As Somalia descended into chaos in 1991 the northern region of Somaliland (former British Somaliland) declared itself an independent republic. While independent Somaliland is not recognized by the UN, it has its own president, legislature, currency, and constitution. Southern Somali warlords have attacked Somaliland, and the breakaway republic also suffers from internal fighting and economic stagnation.

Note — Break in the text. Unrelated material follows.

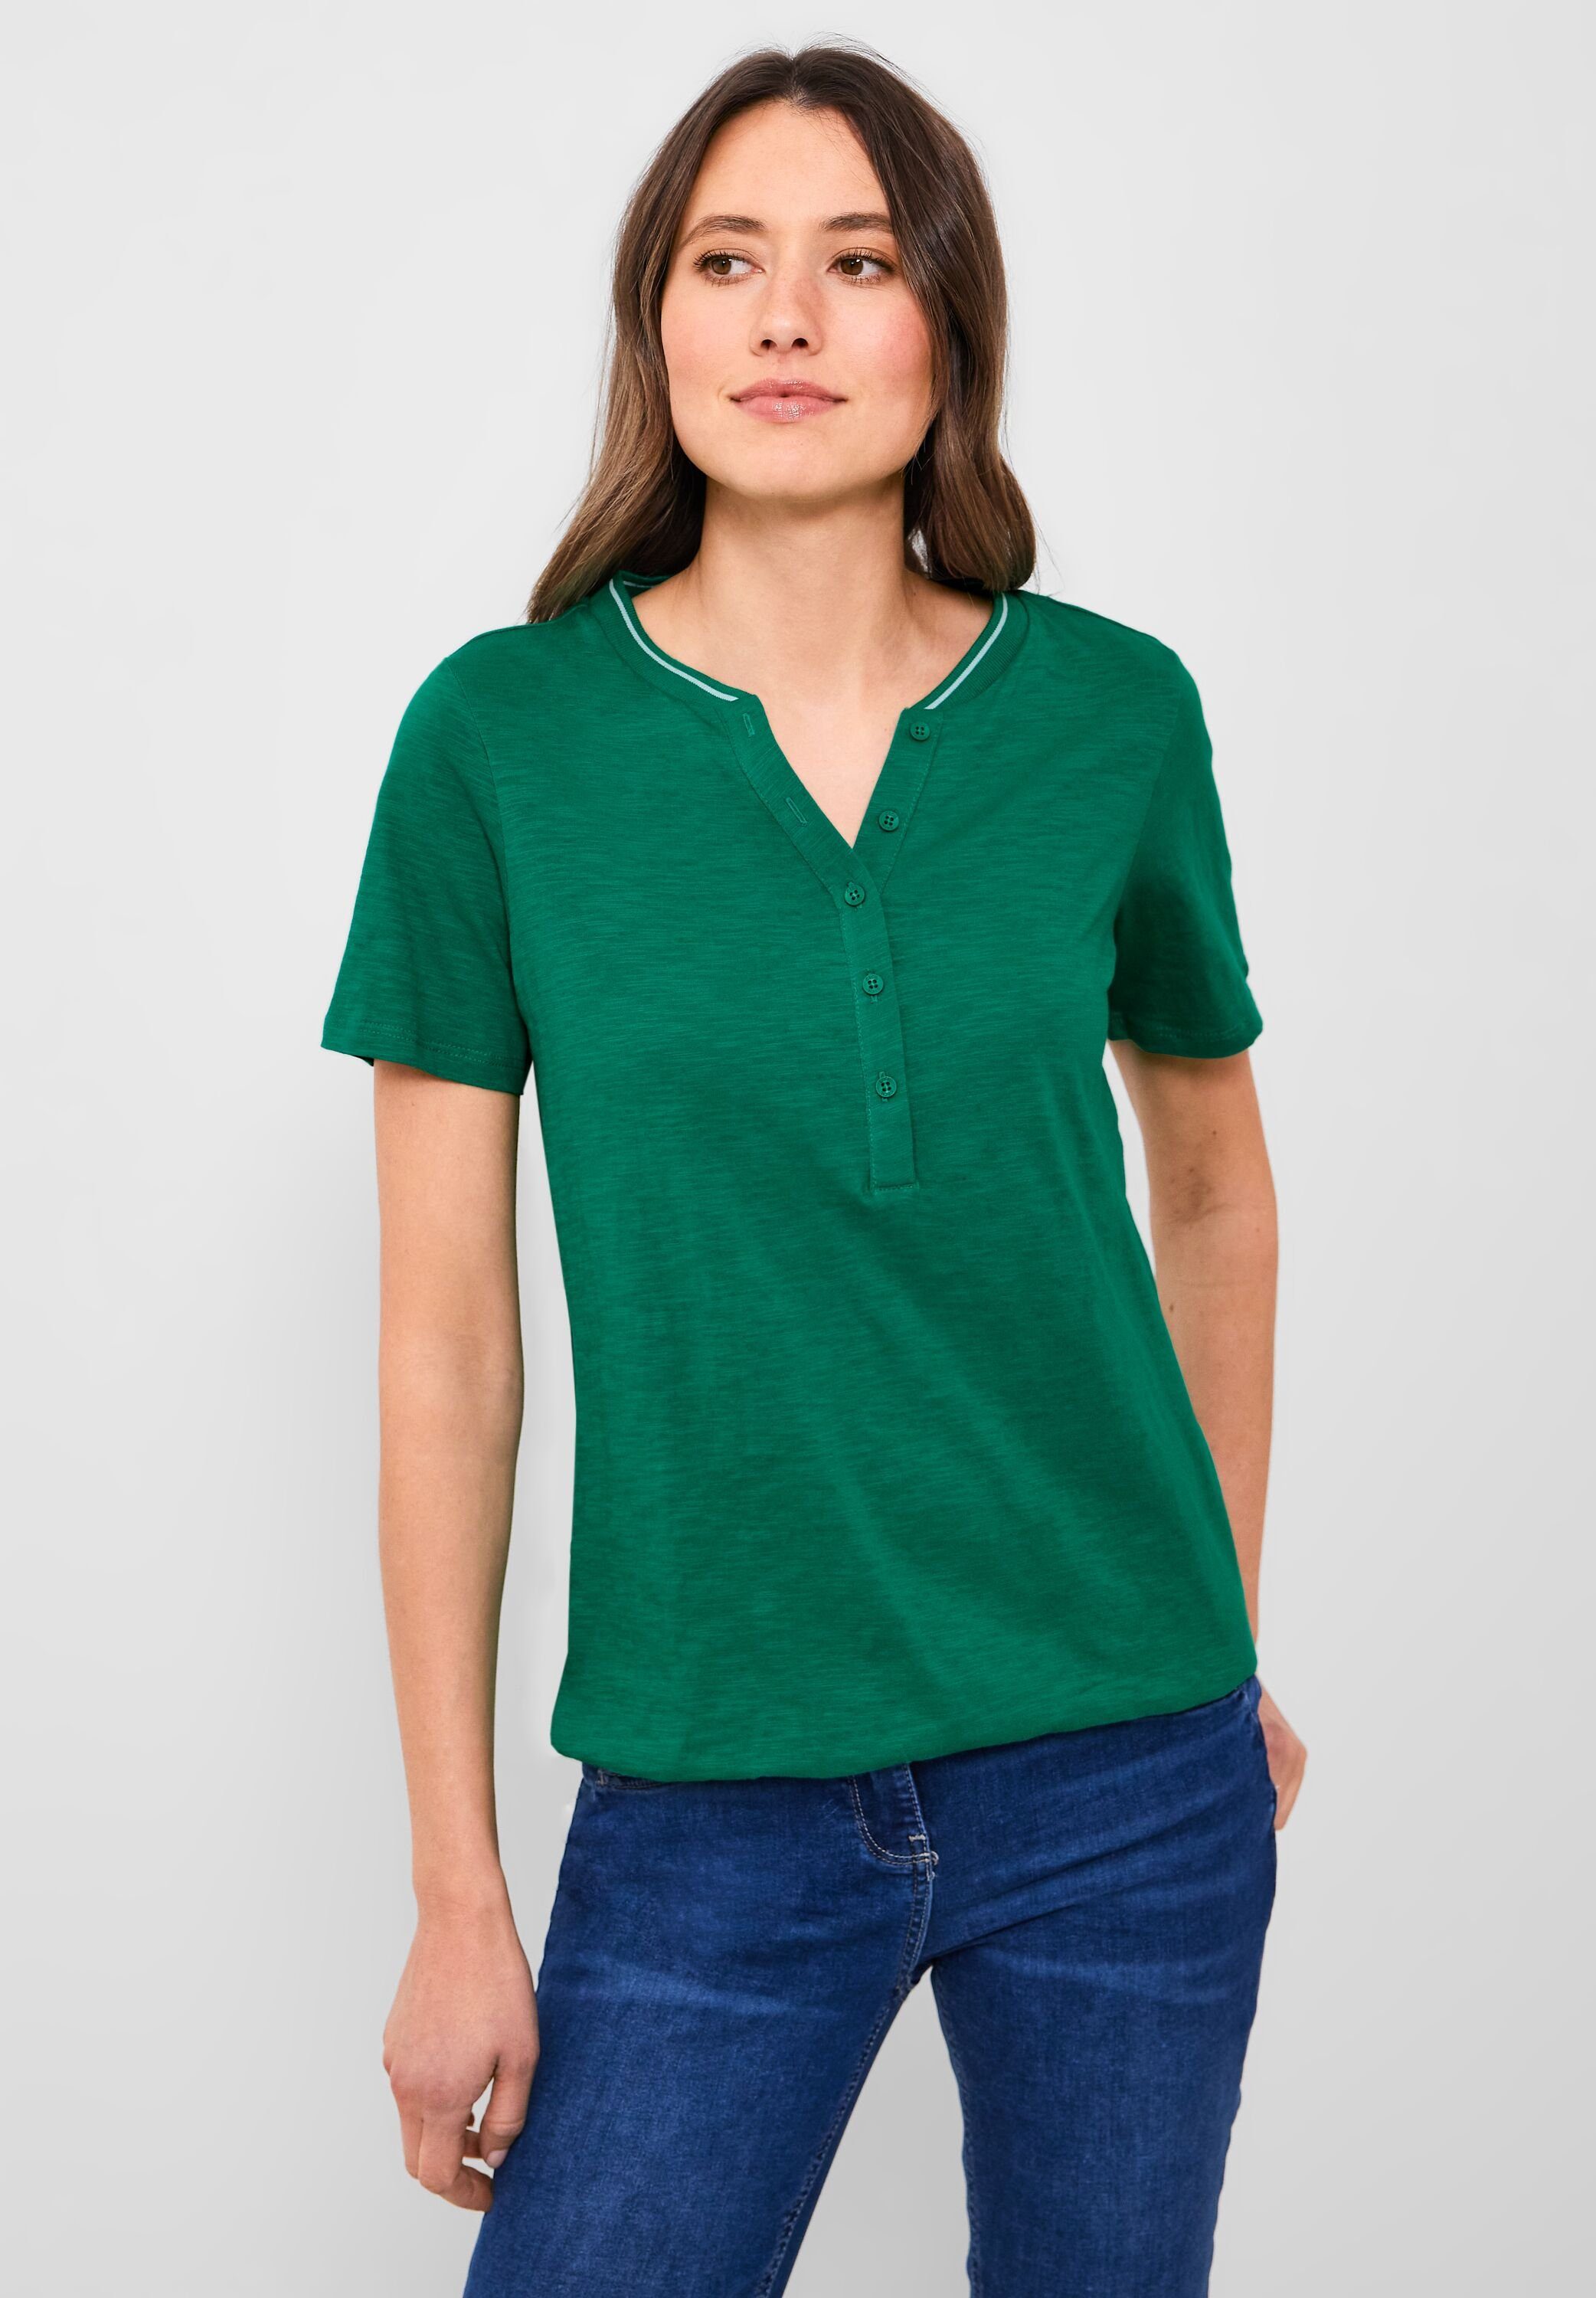 Preis für den Durchschnittsbürger Cecil luscious in 3/4-Arm-Shirt Unifarbe green

Aidid declared himself president of Somalia in June 1995, though this position was not recognized by rival clans. In late 1995 and early 1996 battles, Aidid’s forces captured strategic territory in the south and parts of Mogadishu. Aidid died in July 1996 from gunshot wounds received in a street battle and was succeeded as nominal president by his son Hussein Mohammad Aidid. Several successive cease-fires between factions were declared in late 1996 and early 1997 in hopes of holding a clan leader summit to work out a national government. Renewed fighting, in August and November 1996 and May 1997, disrupted each of these agreements. Heavy flooding in southern Somalia in late 1997 killed hundreds and ruined the region’s crops. The main clan leaders met in Cairo, Egypt, in December 1997 and agreed to a plan to convene a conference of hundreds of rival clan members to elect a new national government. However, clan fighting continued throughout 1998 and early 1999, and the planned conference was repeatedly postponed.